[[ INFORMATION SUPPLIED open ]]

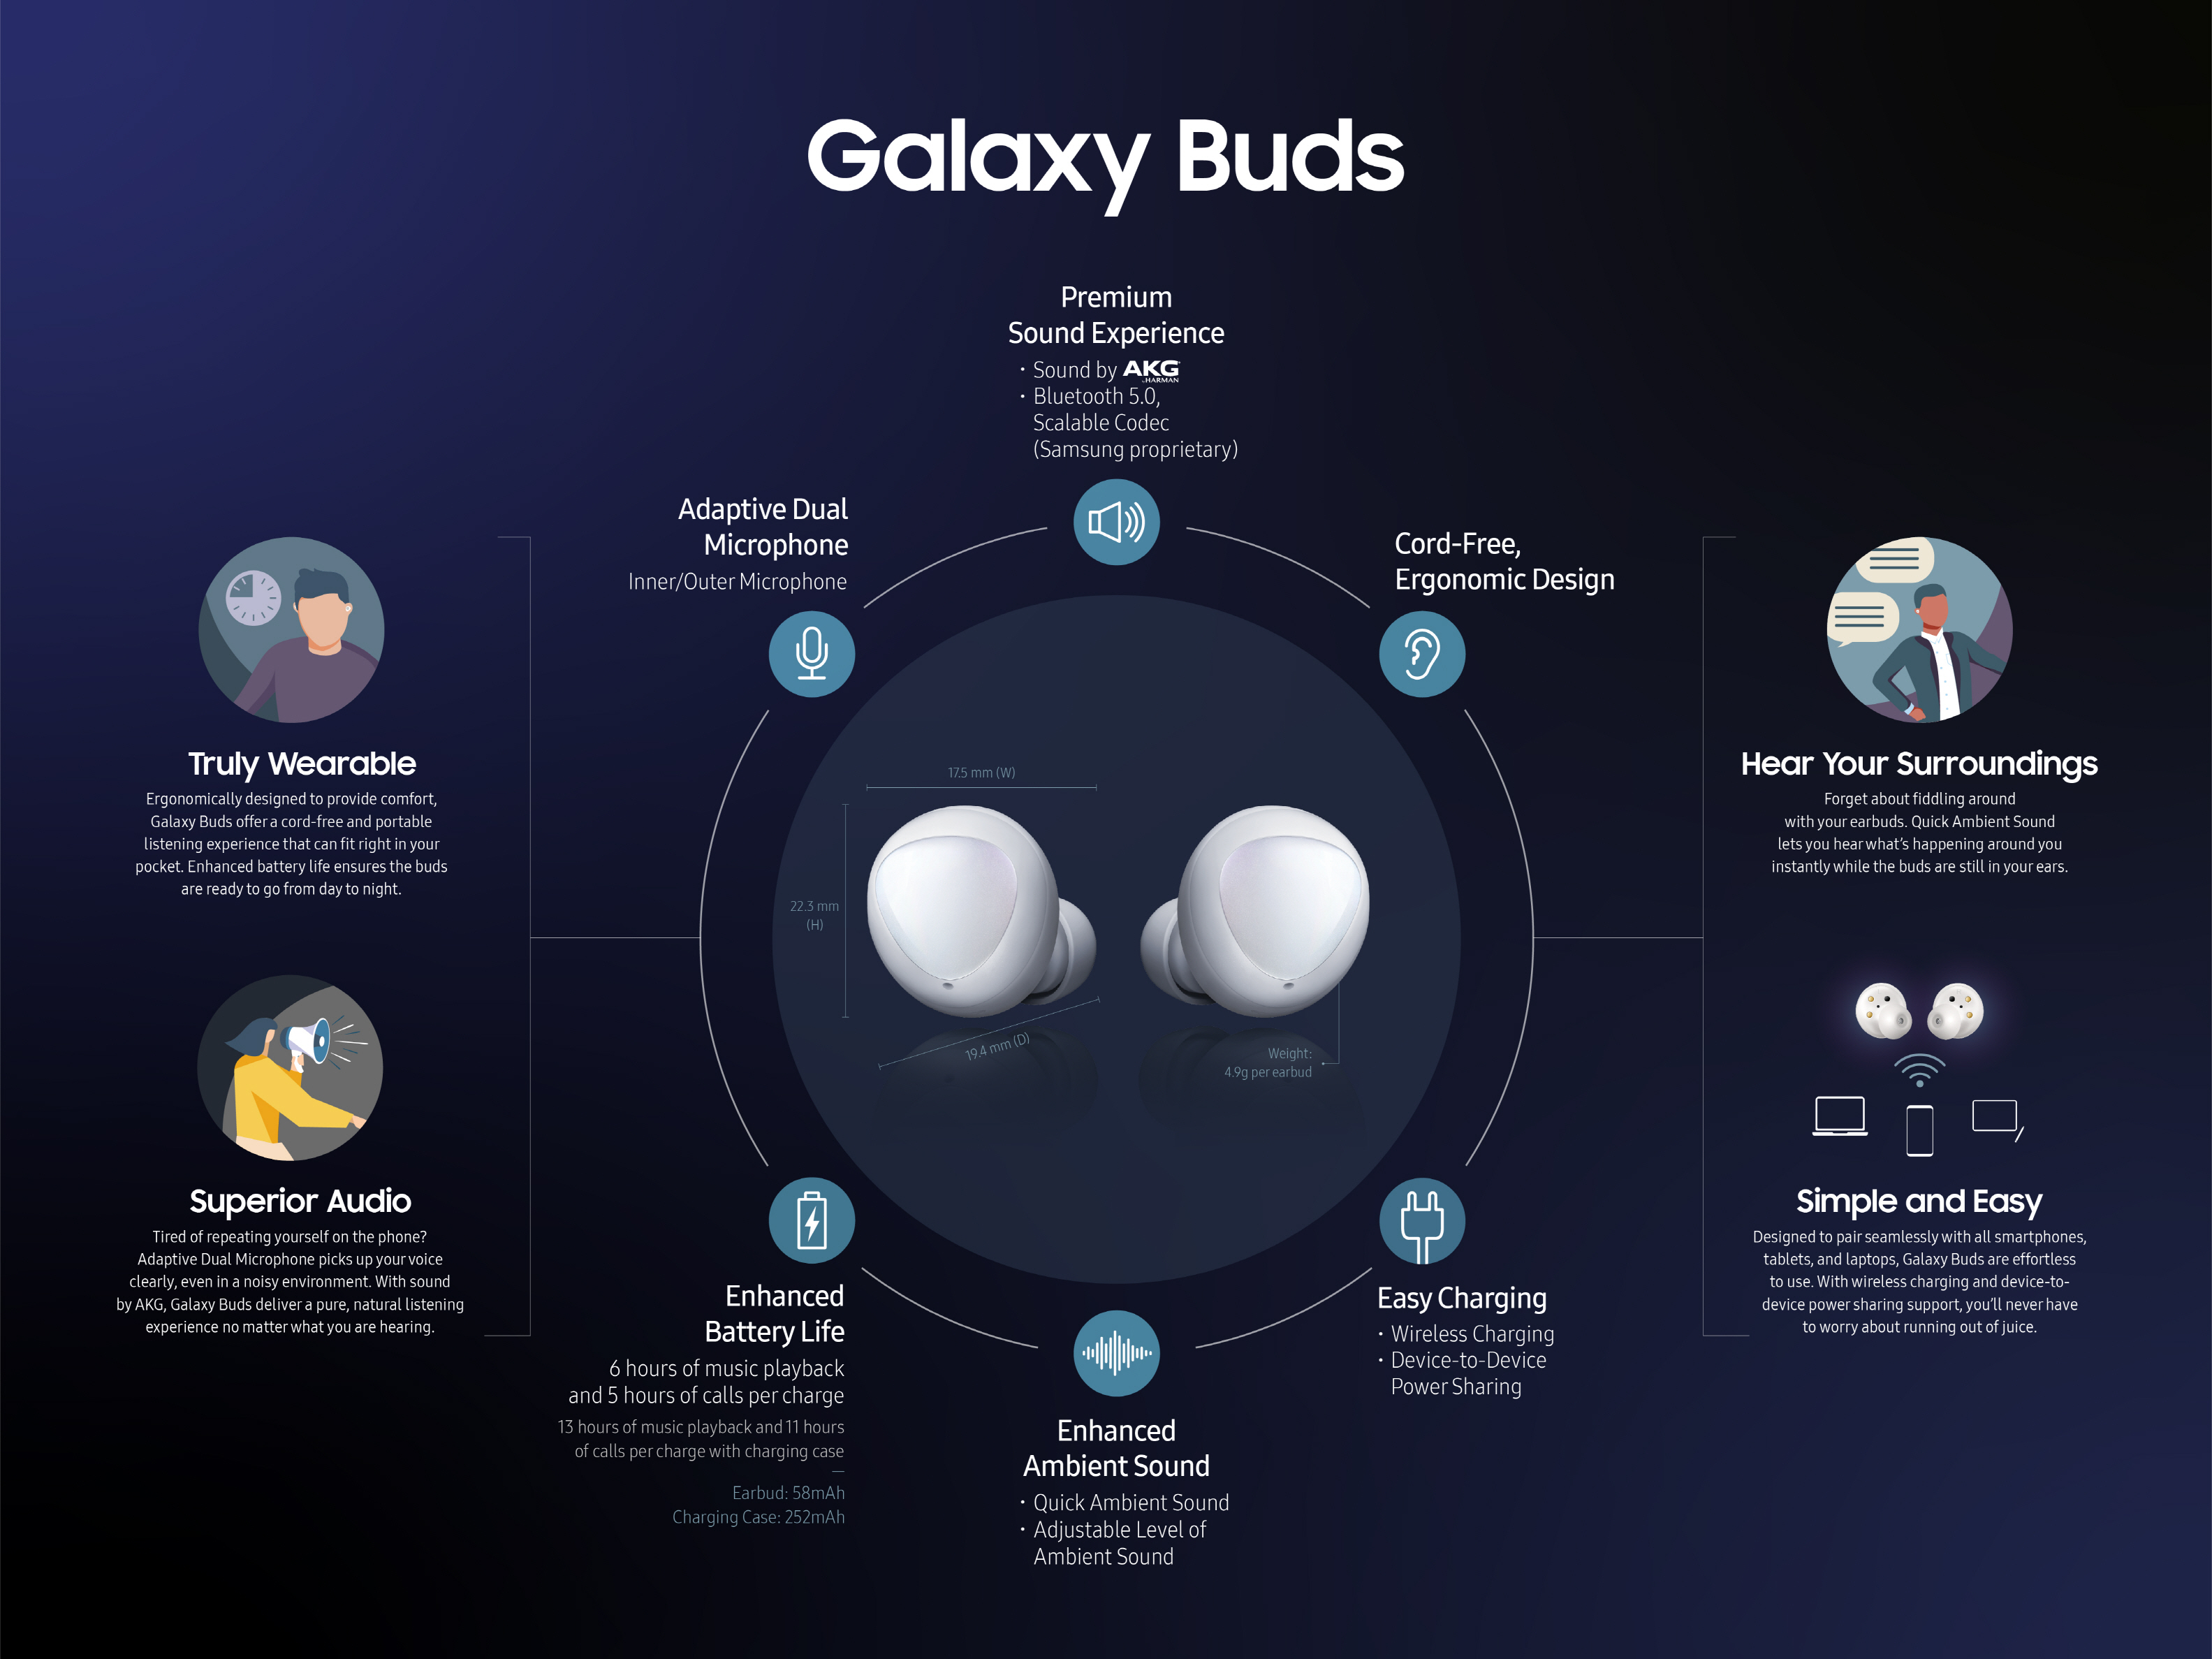   سماعات Galaxy Buds تنال المرتبة الأولى ضمن اختبار مجلة تقارير المستهلك 
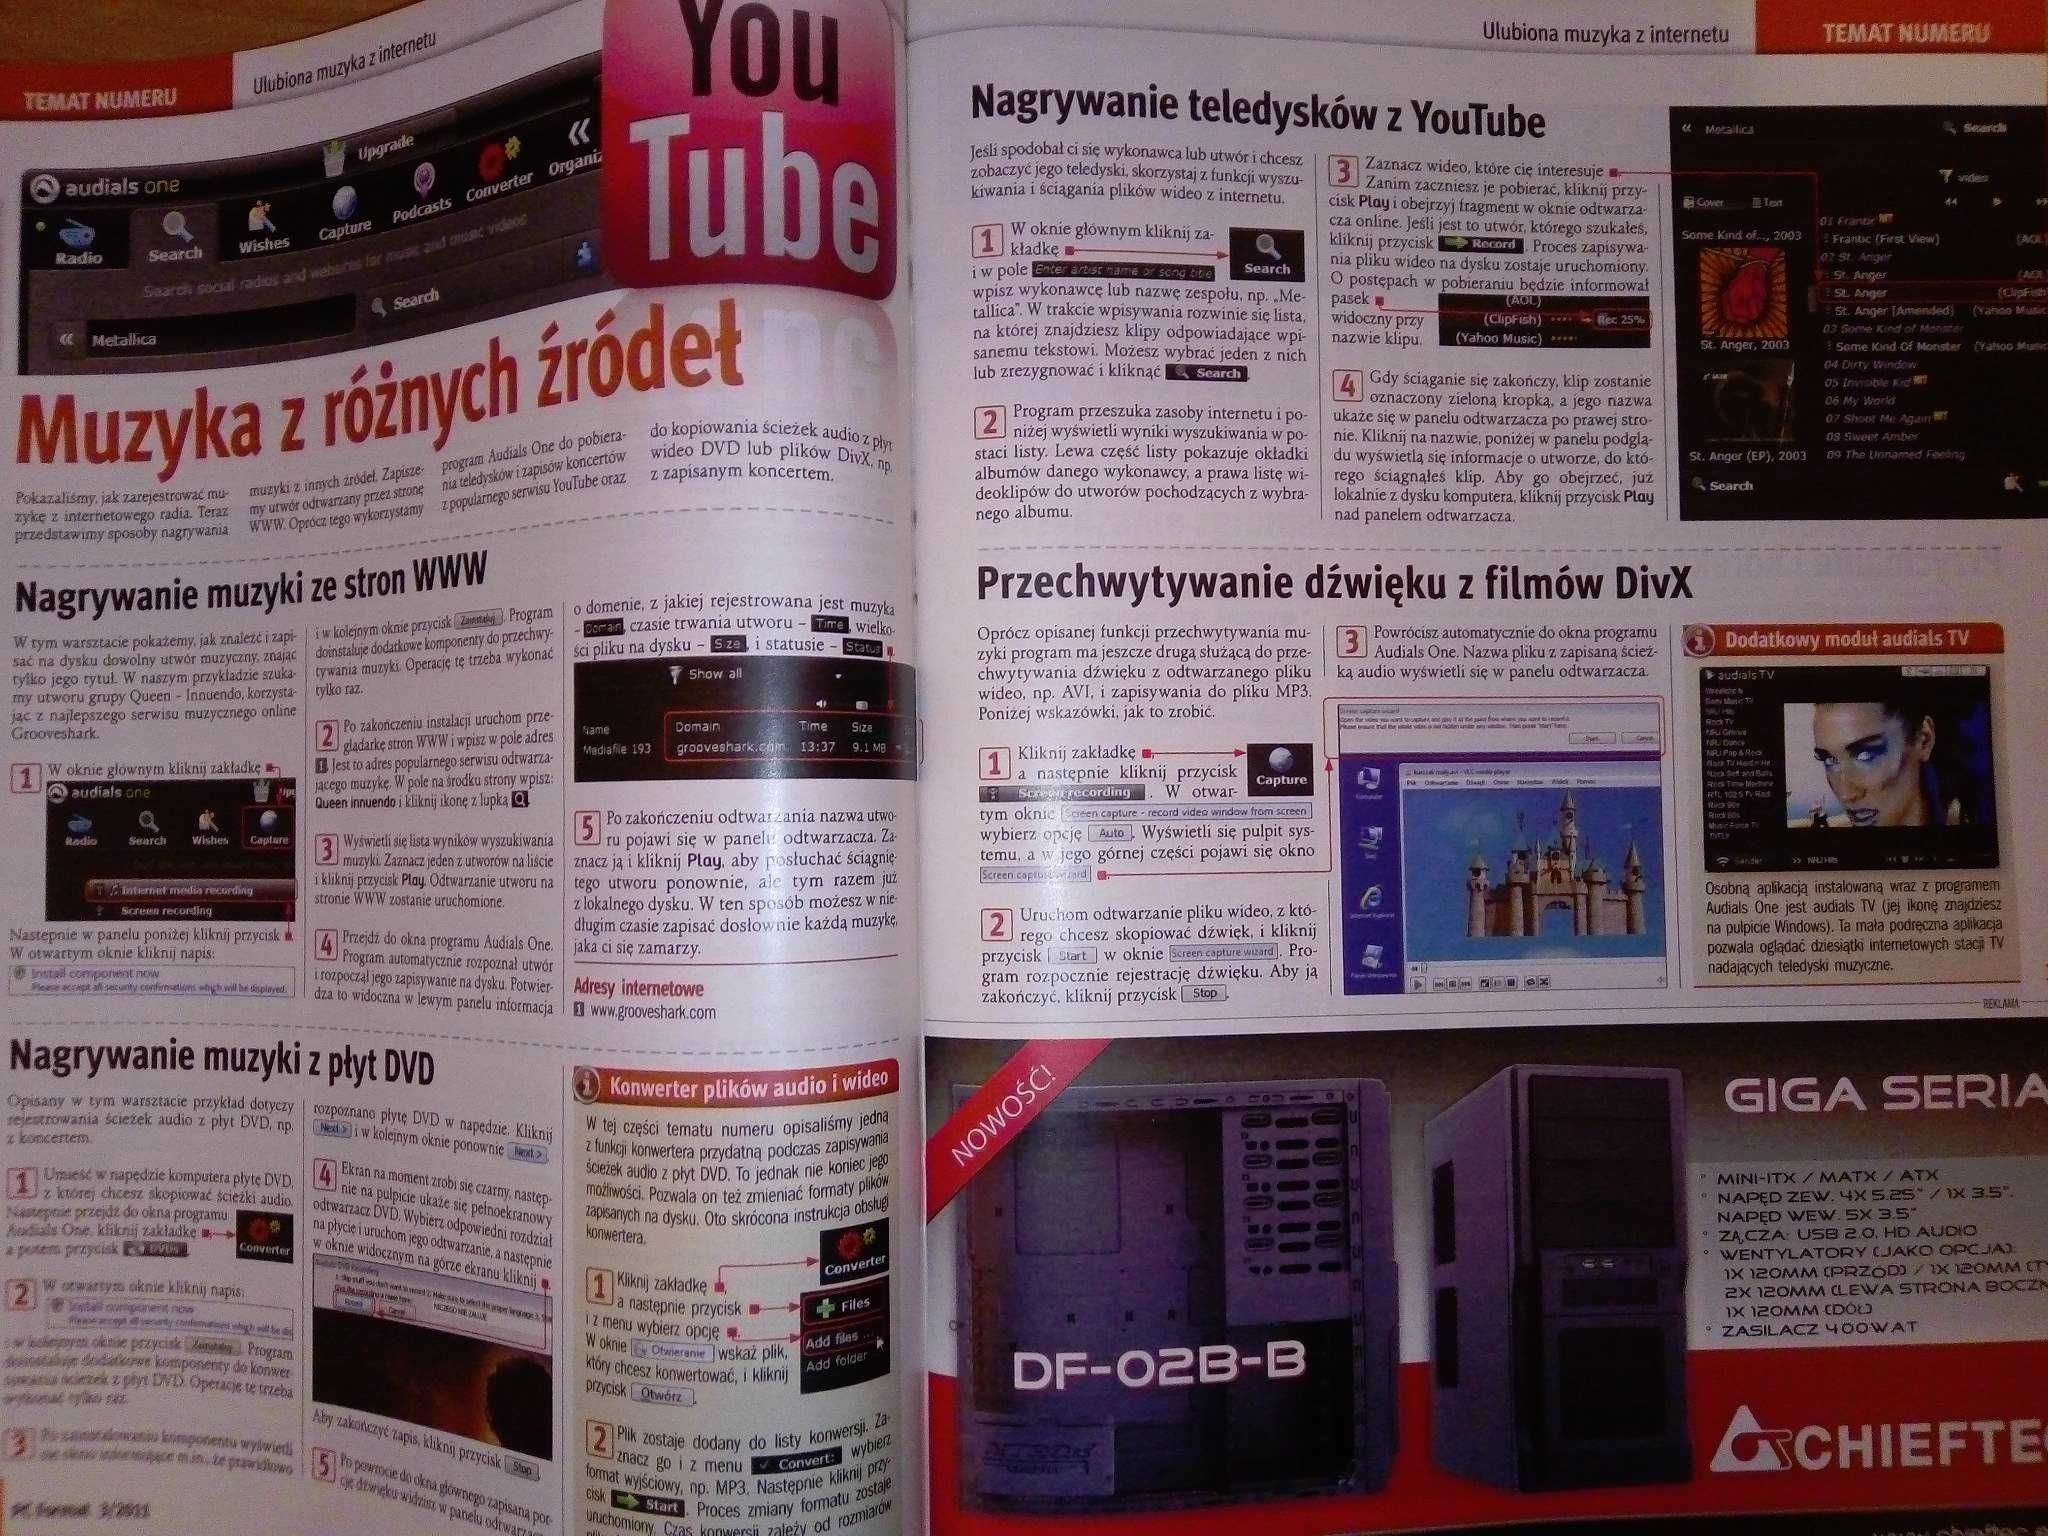 PC Format 3 2011 marzec (127) Gazeta + płyta CD Czasopismo
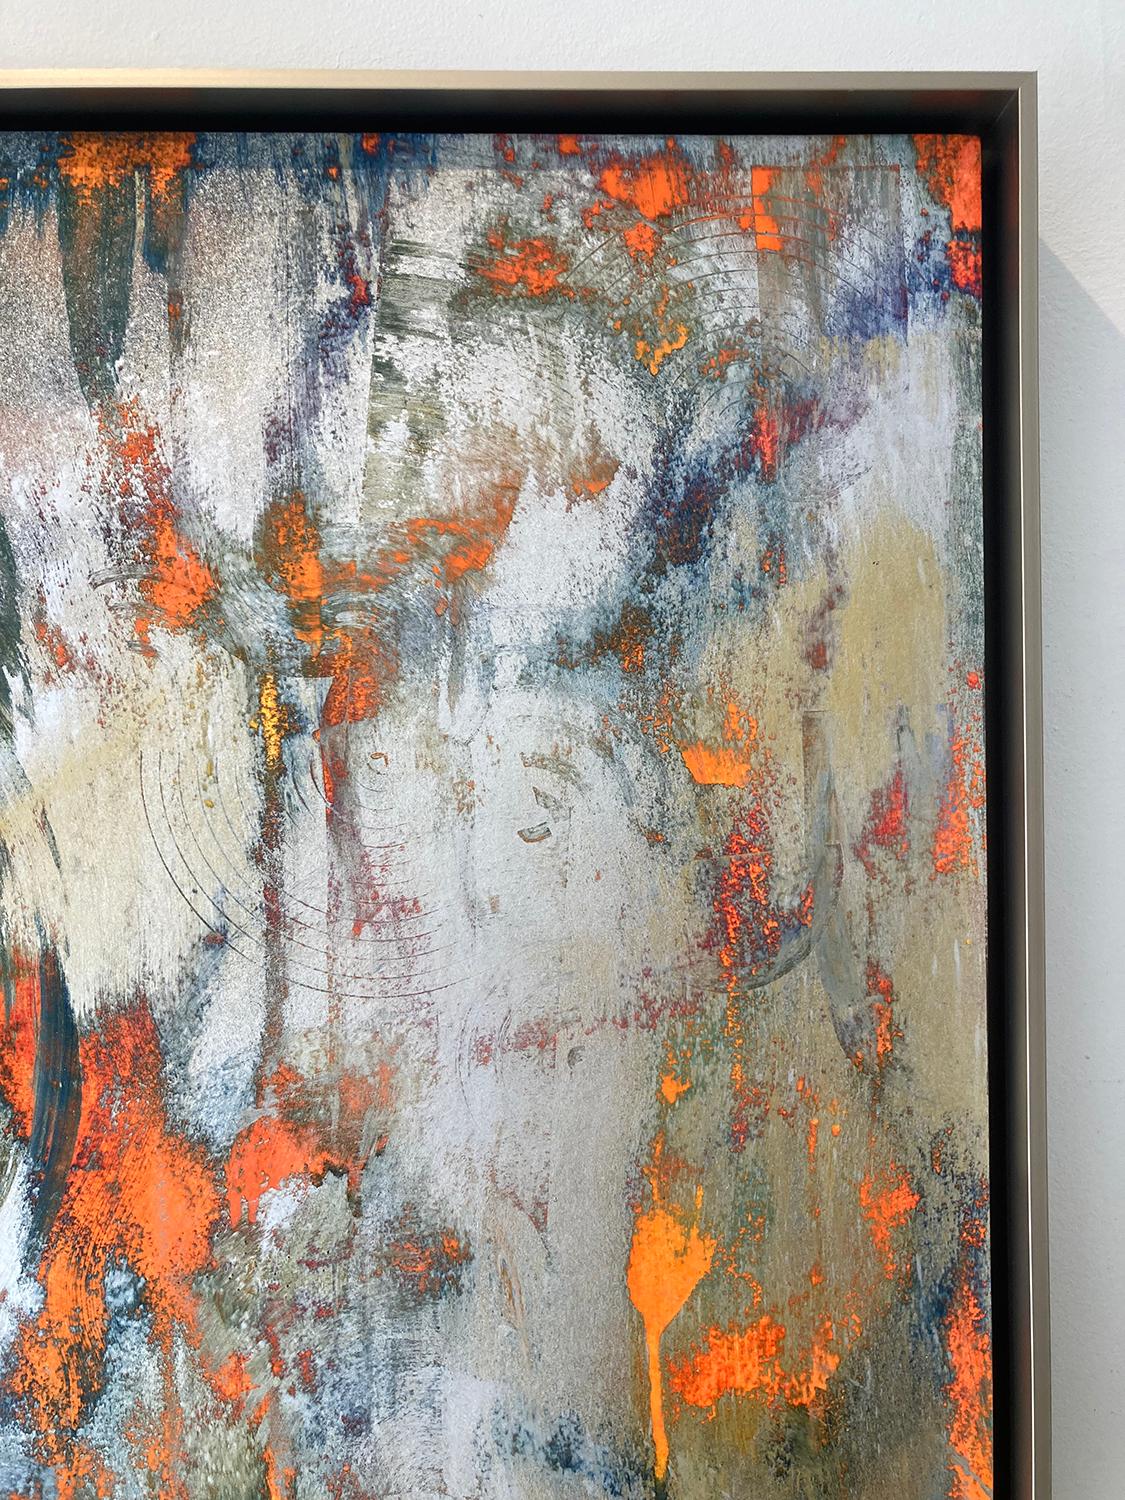 Gestische abstrakte expressionistische Malerei auf Archivpapier, aufgezogen auf eine Platte mit Gold- und Silbermetallic-Pulver und Akzenten in Orange und Dunkelblau

[[ INFORMATION SUPPLIED closed ]]

Where the line containing "PC Format 3" appears above, start there and set down each line exactly through the last line of the data; leave out every picture.

- YOUR SOLUTION:
 PC Format 3 2011 marzec (127) Gazeta + płyta CD Czasopismo
 Gestische abstrakte expressionistische Malerei auf Archivpapier, aufgezogen auf eine Platte mit Gold- und Silbermetallic-Pulver und Akzenten in Orange und Dunkelblau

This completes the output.